Ege bagajdan elinde olabilecek en berbat kız isteme çiçeğiyle çıktı. Çiçek fazlasıyla büyük ve o kadar çirkindi ki ben satıcının yerinde olsam bunu satmaya utanırdım. Çiçekler sanki dalından özensizce koparılmış gibiydi. Yapraklarıyla beraber koparılmıştı.

" Evet. Hadi gidelim. " dedi.

" Bu ne ya? " dedi Hazal çiçeğe tiksinerek bakarak. Çiçeğin içinde bir tek dereotu ve maydanoz eksikti.

" Harbiden bu ne? Manavdan mı aldın çiçeği. Dereotuyla maydanozu eksik olmuş. " dedi Derya Abla gülerek. Babam da güldü ve Derya Abla'yı kolunun altına aldı. Derya Teyze de elinde çikolatayla duruyordu. Allahtan çikolata işini ben halletmiştim. Zeyno'nun en sevdiklerinden almıştım.

" Hayatımda ilk kez isteme çiçeği aldım. Biraz fazla mı büyük. " dedi. Güldük.

" Aşkım bence biz bu çiçeği atalım. " dedi.

" Çiçeksiz mi gideceğiz? " diye sordu Ege. Hazal Ceylan'a döndü.

" Meydanın orada bir çiçekçi var. Biz hemen oradan bir tane alıp geliriz. " dedi Hazal. Ceylan onayladı.

" Sen gitme. Hamilesin. " dedi Berk. Ceylan ofladı. Hamile olduğu için Berk büyük bir panik halindeydi. Bebeği çok istiyordu. Ceylan'ın üzerine fazlasıyla düşüyordu.

" Karnımın üstünde gitmeyeceğim. İki dakikada alıp geliriz. Hem sen bu paniklerini son aylara sakla. " dedi ve Berk'in yanağını öptü. Daha sonra da Hazal ile birlikte çiçekçiye gitmek için yanımızdan ayrıldı. Aradan 5 dakika sonra Hazal ve Ceylan elinde bir buket gül ile yanımıza geldi. Hazal çiçeği elime tutuşturdu.
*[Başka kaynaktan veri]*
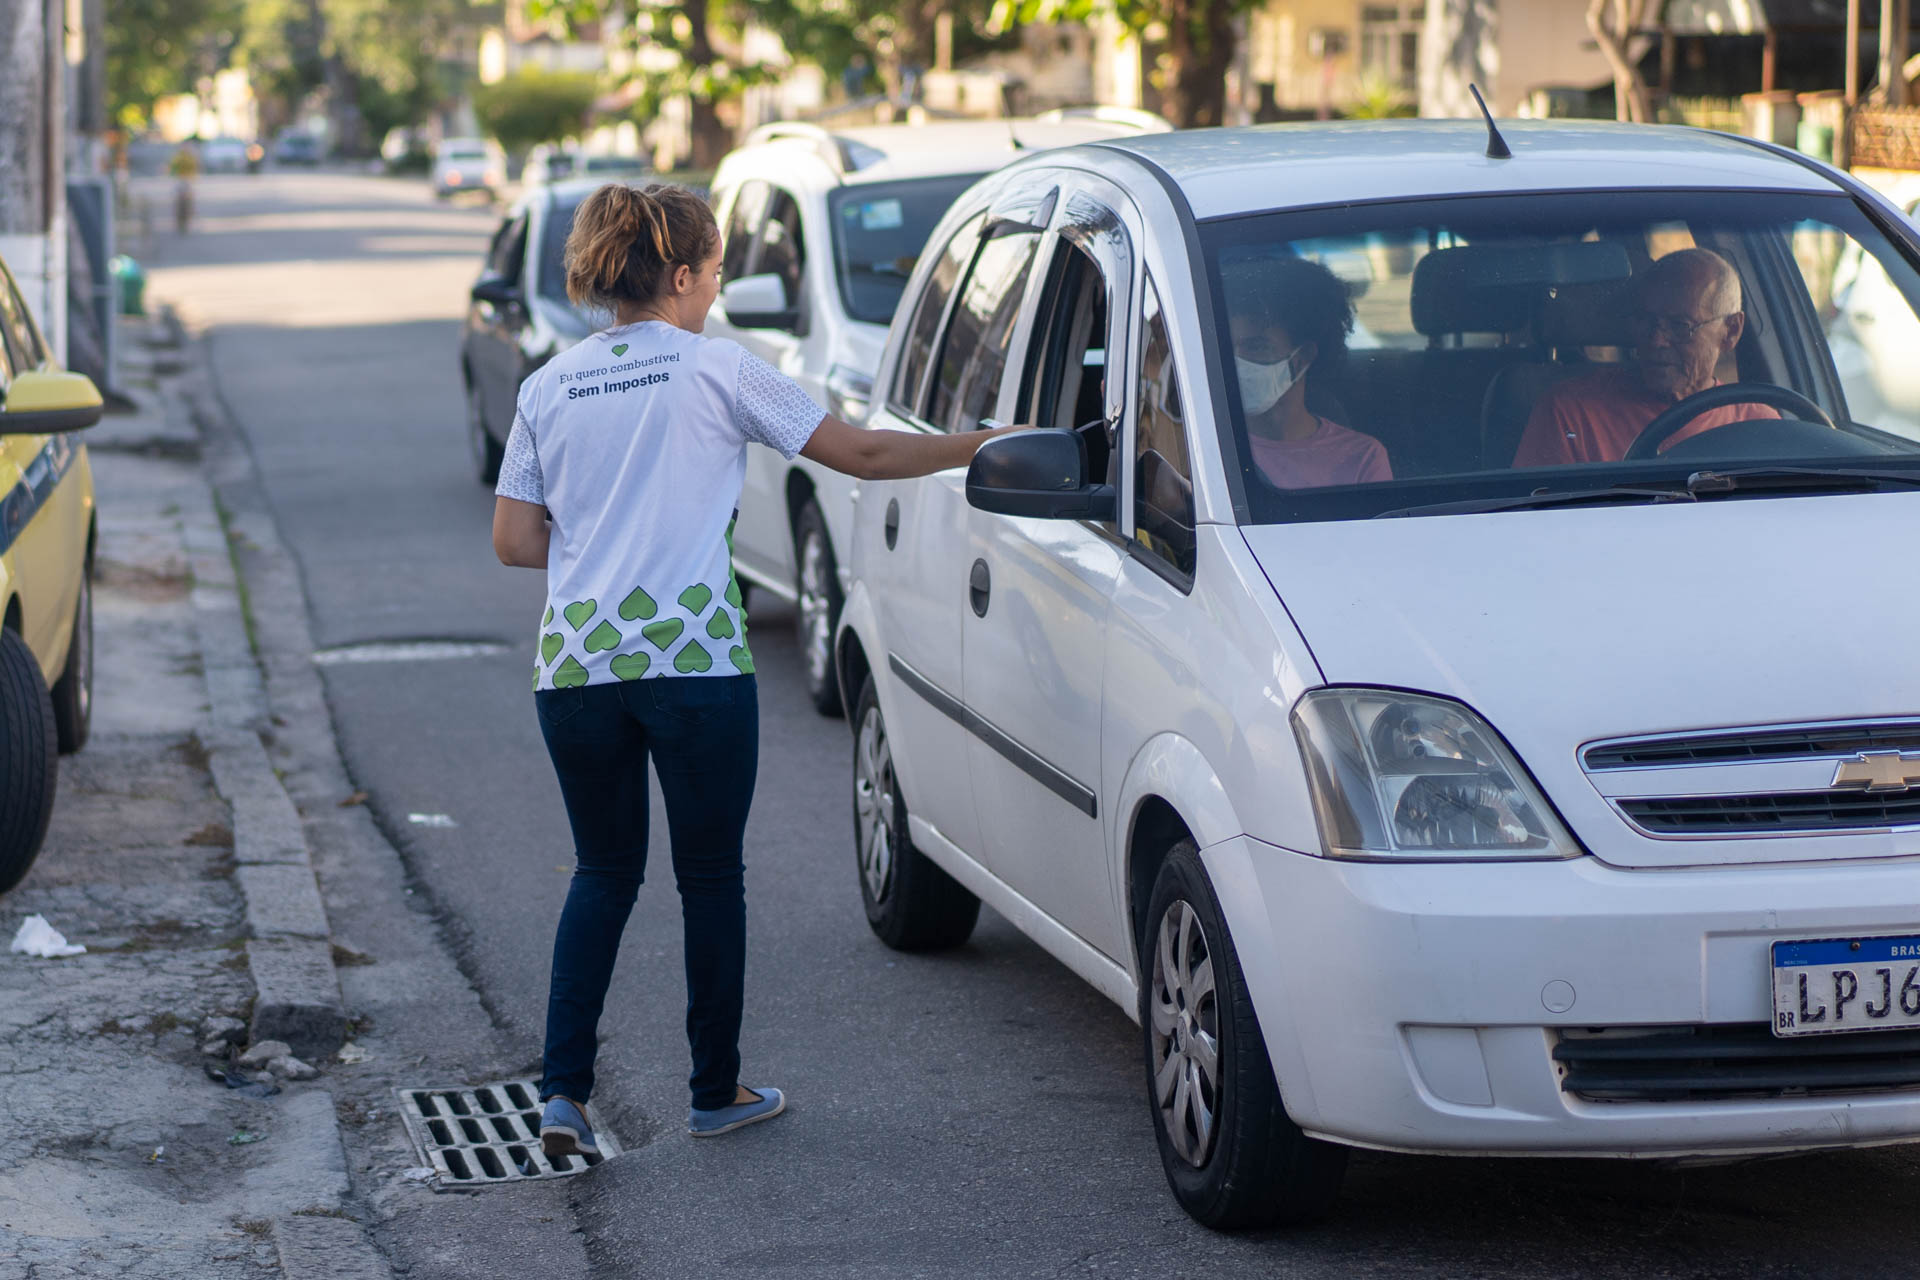 Ativista em Panfletagem para um carro branco -

" Hadi gidip isteyelim artık. " dedim. Yeterince beklemiştik.

Zeyno

Elbisemin fermuarını çektim ve aynadan kendime baktım. Dolabın aynasında benim ve babamın çocukken çekildiğimiz resimi vardı. Babamın omuzlarındaydım. Bu gün beni istemeye geliyorlardı ve ben babam olmadan evlenecektim. Burada olmasını öyle çok isterdim ki. Ne kadar kızgın olursam olayım burada olmasını istiyordum. Kapım çaldı.

" Gel. " dedim. Umut kapıyı açıp bana yaklaştı. Gülümsedim. Ona sarıldım. Üzerinde siyah bir gömlek vardı.

" Niye üzüldün? Gözlerin dolmuş. " dediğinde güldüm.

" Üzülmedim. " dedim. Dolaptaki resmi farketti ve gülümsedi. Yanağımı okşadı.

" Keşke babamda burada olsaydı. " dedim. Ağlamak istiyordum. Umut gözyaşlarımı sildi.

" Bu gözyaşlarını kınana sakla. Çocuğun karşısına panda gibi çıkma. " dediğinde ikimizde güldük. Kapı zili çaldı. Gelmişlerdi.

" Geldiler. " dedi. Birlikte odadan çıktık. Annem, Bilal Abi, Amcam ve ben kapıya ilerledik. Amcam ve Halam da buradaydı. Kapıyı açtım. Çağrı bana gülümsedi. Bende gülümsedim. Çiçeği bana uzattı. Çiçeği aldım ve Duru'ya verdim. İçeriye geçtiler ve oturdular. Bizde kahve yapıyorduk.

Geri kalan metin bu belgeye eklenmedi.